There is little doubt that the naming of the hill can be attributed to the linking of the name of a prominent early settler with the prominent topographical feature alongside of the “road: leading to his property.
“Squire” Anstey was never a popular public figure, probably because of his tendency to behave as a typical English squire or country gentleman.
When his father died in 1851 he returned to Tasmania with his family. They returned to England in 1854.
Except for brief visits, the last in 1868, Anstey never returned to live in South Australia.
However the name Anstey was to appear once more in the annals of South Australian history. Mortlock Library military records contain an entry that in the 22nd January 1879, a Lieutenant Edgar Oliphant Anstey was killed in action in Isandlwana, South Africa and than in doing so became the first South Australian born soldier to die in battle. Further searches of other records revealed that he was the third son of George Alexander and had been born at Highercombe on 18th March 1851. He was serving with the 1st Battalion, 24th Regiment of Foot in the Bristish Army in its greatest colonial defeat when 25,000 Zulu warriors slaughtered 1,357 of Queen Victoria’s men, mainly from the 24th Regiment and the Natal Native Contingent. The trail down which this heroic force fought its withdrawal is now called Fugitives Trail. It’s a long way from “Anstey’s Hill Road” which he travelled down as a babe in arms in the first and only year of his life in South Australia.
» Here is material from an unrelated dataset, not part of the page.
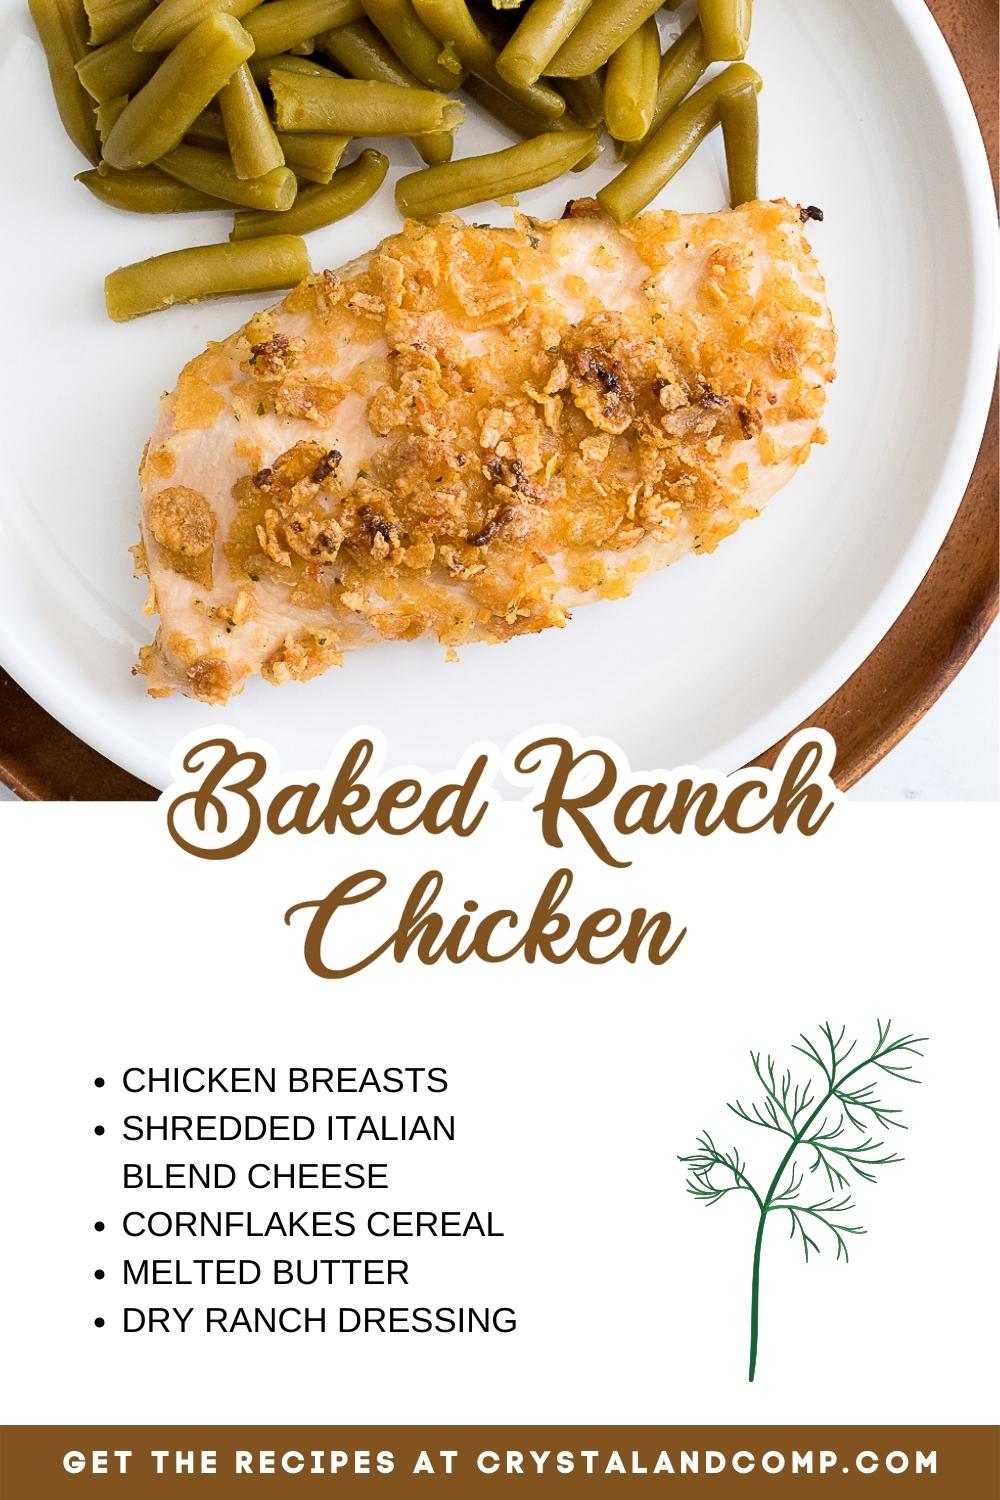 baked ranch chicken ingredient list

Why “The Gun Emplacement” on Anstey’s Hill
Research undertaken by Kevin Gallasch
Because of its community position on high ground overlooking much of the Adelaide Plains and with a superb view of the city and the Gulf of St Vincent, the name given to this feature initially conjures up images of a huge gun mounted on a man made platform or set in a bunker -like structure with its barrel aimed westwards towards the sea. Its most likely origin, while still based on an image, has a reasonably factual derivation. The Macquarie Dictionary provides one definition of a “gun” as a long barrelled cannon, having a flat trajectory and one of “emplacement” as being “the space, platform or the like for a gun or battery and its accessories”. The near horizontal and tree-less (because of the thick impenetrable ironstone capping) ground on the natural land platform would have comfortably accommodated six, two pounder guns and their ammunition timbers.
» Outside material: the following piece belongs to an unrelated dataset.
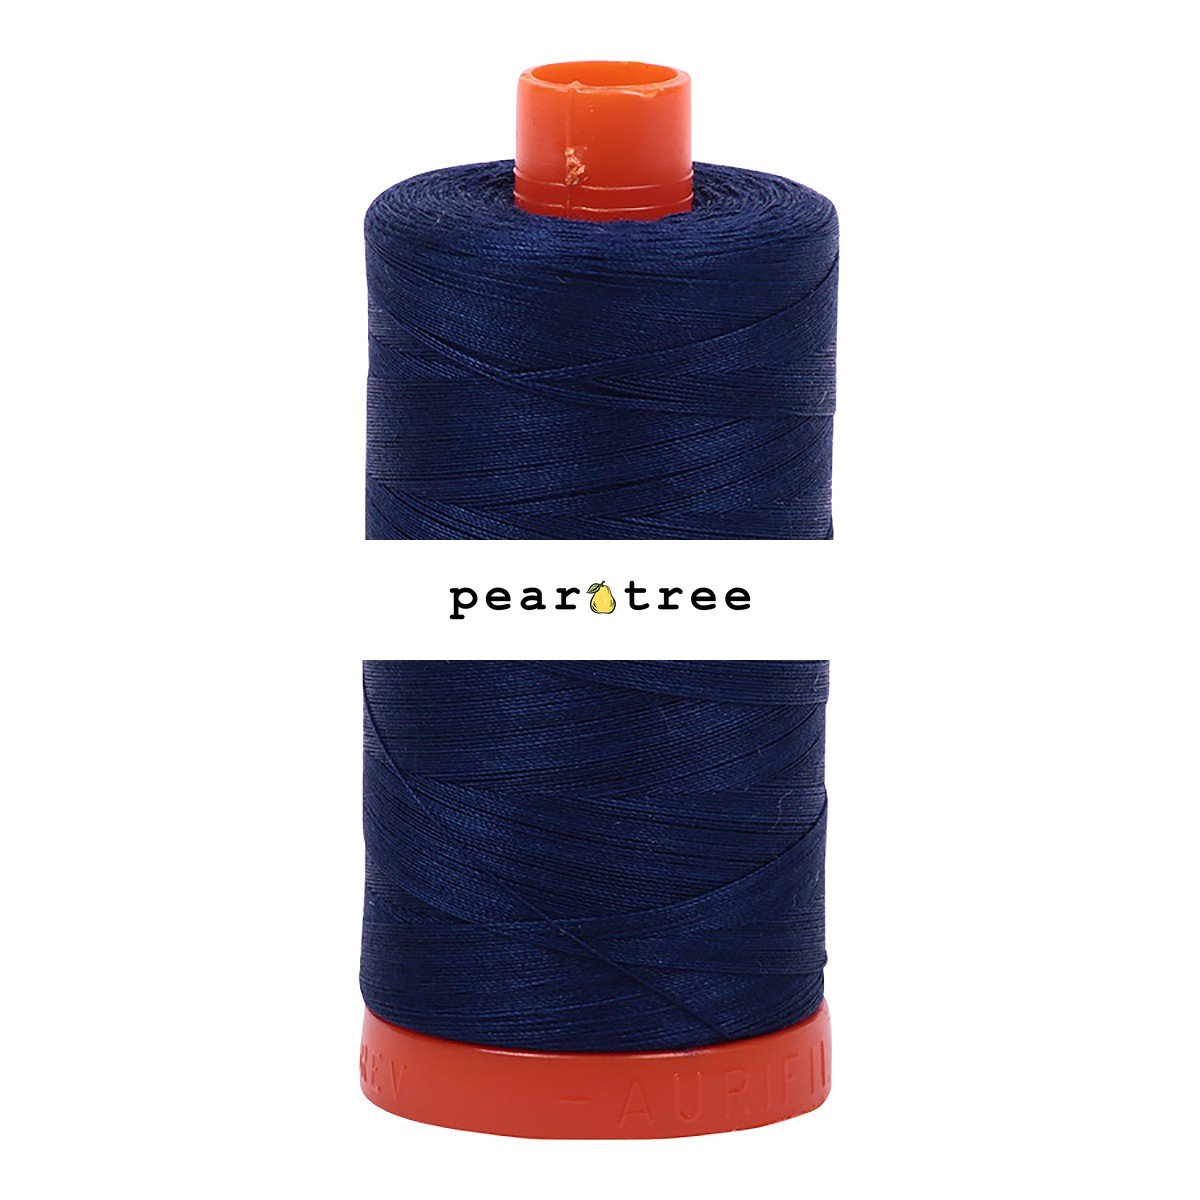 Aurifil 50wt Cotton Thread - Black

The plateau was first recorded in a series of topographic maps of South Australia compiled by a Major W.H. Edmunds and published in 1926.The Mortlock Library records show that a William Herbert Edmunds served as a Lieutenant cartographer with the 5th South Australian Imperial Bushmen during the Boer War. There can be little doubt that the Major recognized this unique land surface as a naturally occurring emplacement for th positioning of a Battery of field guns of that earlier era and theatre of war.
The common use name “The Gun Emplacement” was declared as a geographical name in the South Australian Government Gazette of 22 May 1997.